PacificMouse - you are right - there is no good answer. It is the exact reason I've tried to avoid it so far.
To adopt the phrase used by the commentators about the Greek debt crisis until this summer, I won't solve anything by teaching DS GCSE maths early, I'll just be kicking the can down the road.
The situation last year (Y8) was that DS learned very little in maths lessons because he was waiting for others to catch up.
Now, in year 9, he's still waiting. He says they have been doing work from the level 7 curriculum this term, which takes no account of the DC, like DS who were level 8s last year, having mastered level 7 stuff at least 18 months ago. Obviously they will hit level 8 at some point, and probably there's something that DS could do with a bit more practice on (trigonometry, I think), but given that he got an 8A after just a few hours of teaching, I seriously doubt that the classwork will challenge DS even once this year.
If DS could just hold on a bit longer - 3 years more - then undoubtedly the pace will pick up, but that's a long time in a teenagers life and he's worrying me by becoming disengaged. He's been bored for a while but the disengaged bit worries me for obvious reasons.
So, I'll teach him at home and maybe he will do a GCSE privately, or maybe not. Its up to him really.

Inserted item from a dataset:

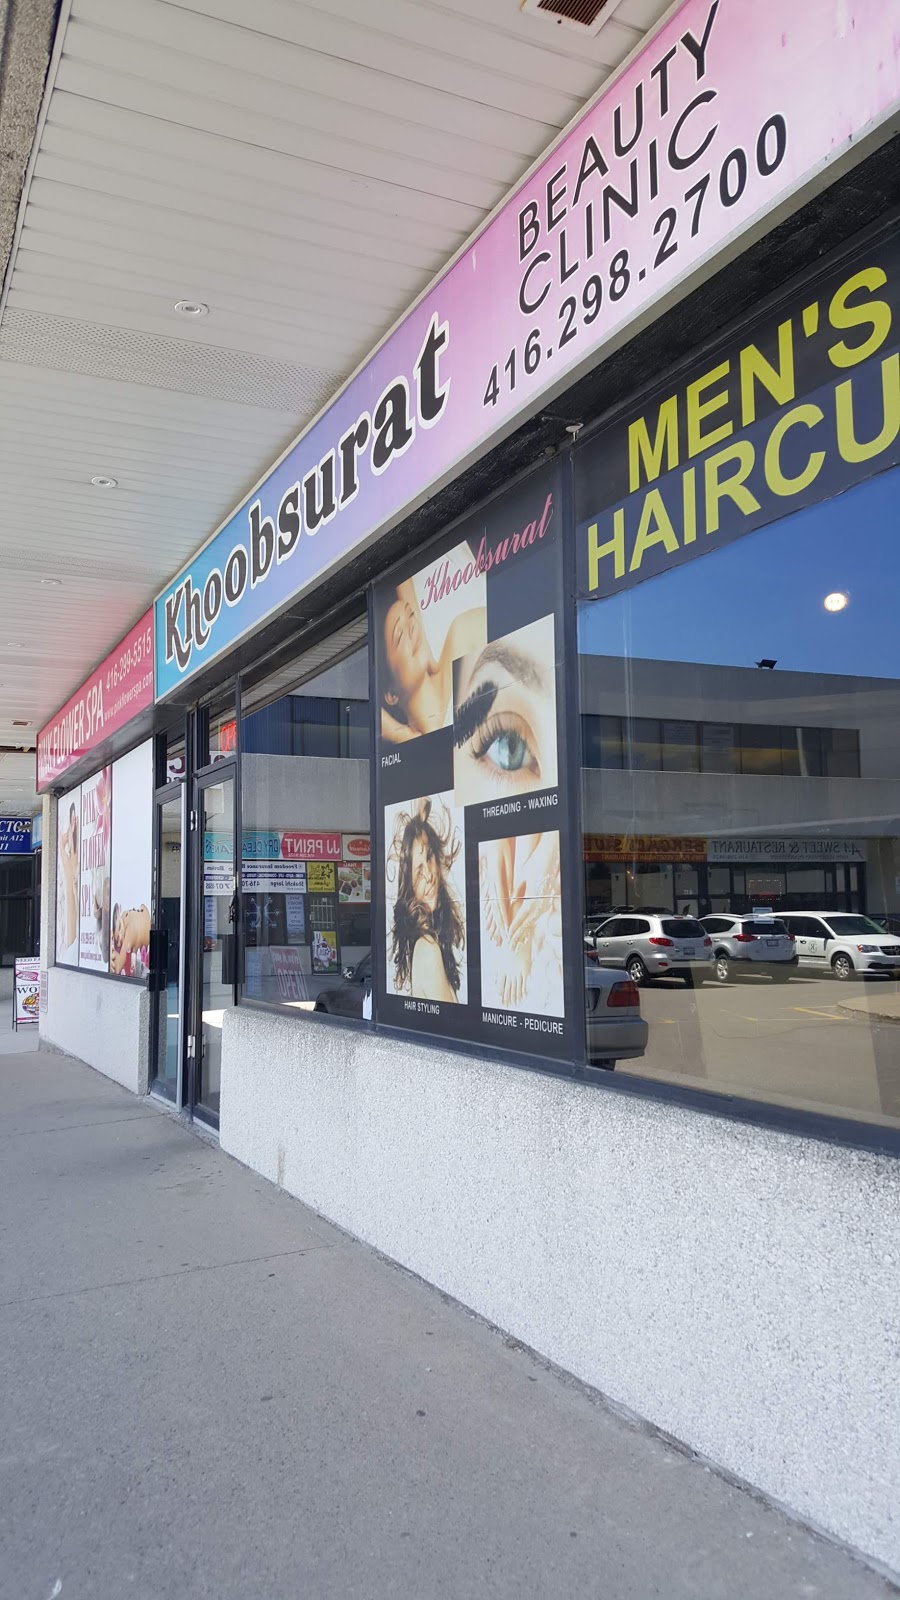 Khoobsurat Beauty Salon | 3300 McNicoll Ave unit a7, Scarborough, ON M1V 5J6, Canada | Phone: (416) 298-2700

It means that year 10 will be a revision year at school, as will year 11. But so what? No one seems to think its a problem to make all the classwork revision in year 8 and 9, so why should they bother if that's what year 10 is too?
In DS's case, it will just mean that he can relax in maths during the GCSE years and save his energy for working in the subjects that his dysgraphia seriously effects.